Оформив все формальности в штабе, он сразу же пошел с комбатом принимать роту. Военный городок был недавно выстроен, трехэтажные кирпичные казармы для десантников отливали яичной желтизной, в казармах была идеальная чистота и порядок. Парашютисты, в основном москвичи, сибиряки и уральцы были как на подбор рослыми, упитанными. Одетые поголовно в новое обмундирование, все имели вид торжественный, парадный. В центре плаца, посыпанного желтым песком, прокалывая вечереющее небо, уходила ввысь новая, еще пахнущая смолянистым духом парашютная вышка. В огромном корпусе парашютного комбината были аккуратно уложены и приготовлены к завтрашним учебным прыжкам с полной выкладкой две с половиной тысячи парашютов новейшей марки. Комсоставский городок выглядел тоже уютным, чистеньким и зеленым, в газонах и клумбах благоухали роскошные цветы, по всему городку был разлит острый, дурманящий аромат отцветающего жасмина. Даже новая, совсем пустая квартирка показалась Рябинину давным-давно обжитой. На него пахнуло добрым теплом скромного семейного уюта: чьи-то заботливые руки аккуратно заправили новым пикейным одеялом неширокую железную койку, а на столике стоял в голубой стеклянной вазочке букетик свежих полевых цветов. Шторочки на окнах были белоснежными, махровое полотенце чистеньким. Рябинин с улыбкой подумал о том, что вот, обживусь малость, найду себе какую-нибудь курносенькую Дуняшу или Варюшу и уж она-то вдохнет свое благотворное тепло в эту пока пустую, но такую славную квартирку. А курносеньких Дуняш, судя по всему в этом белорусском местечке было много, на всех молодых офицеров хватит…

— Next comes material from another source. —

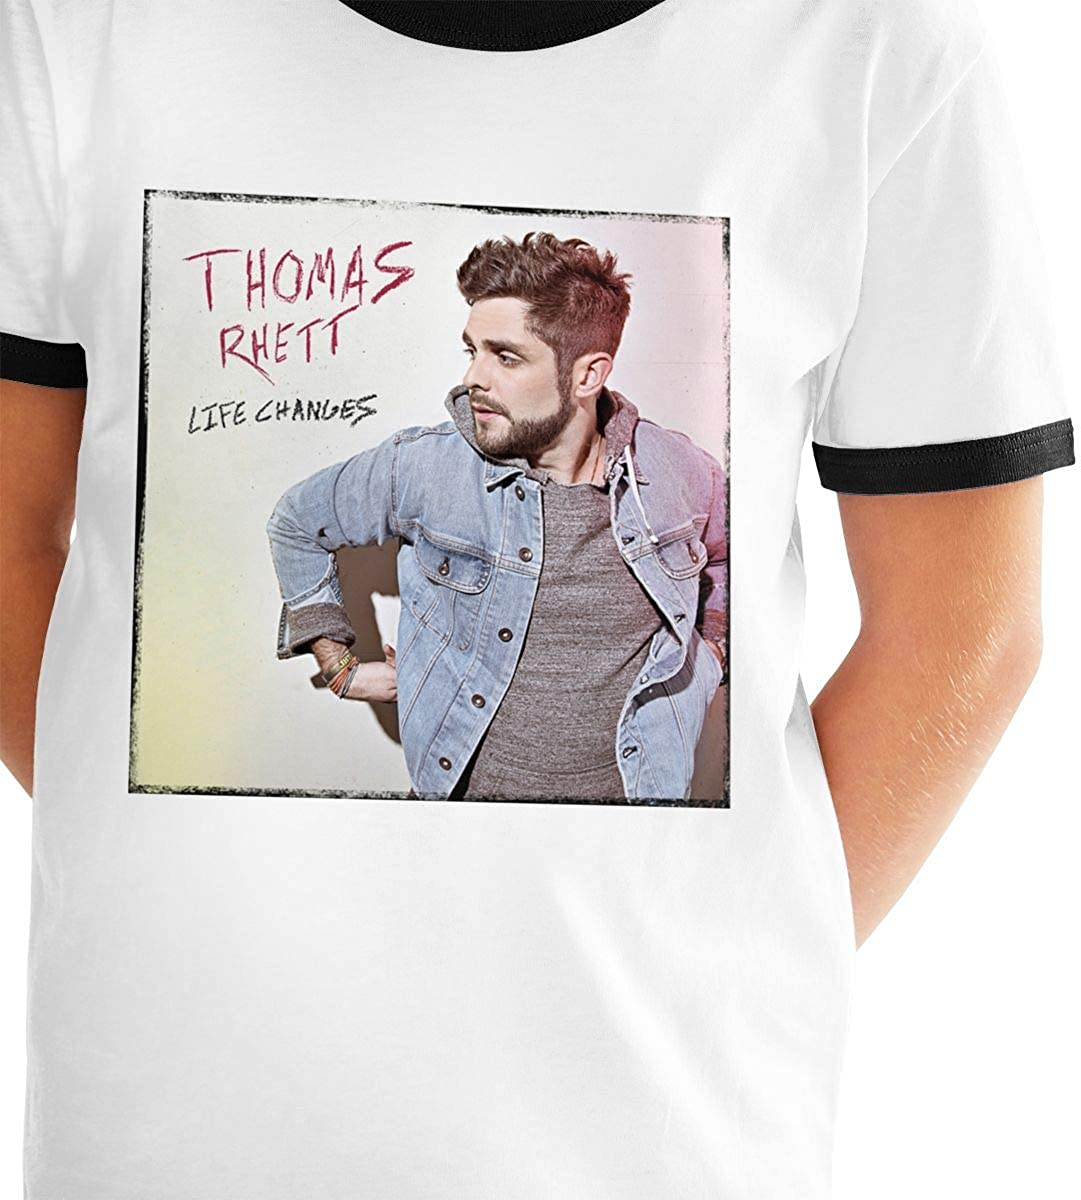 Thomas Rhett Life Changes Cotton Girls Boys T Shirt Children Youth Fashion Black

Бесшумно плывущая над завороженным миром июньская ночь была теплой, паркой. Помигивали в черной высоте неяркие голубоватые звезды, чуть слышно вздыхали сады, от начинающих созревать плодов струился в ночной воздух еле уловимый терпко-сладкий аромат. Из местечка плыли в городок протяжные белорусские песни. Приглушенные расстоянием, они казались еще протяжнее. На последних словах песни высоко взмывал звонкий подголосок, его подхватывал струящийся поток ночного воздуха, и он долго парил где-то в темной вышине и обрывался внезапно как подстреленная влёт птица.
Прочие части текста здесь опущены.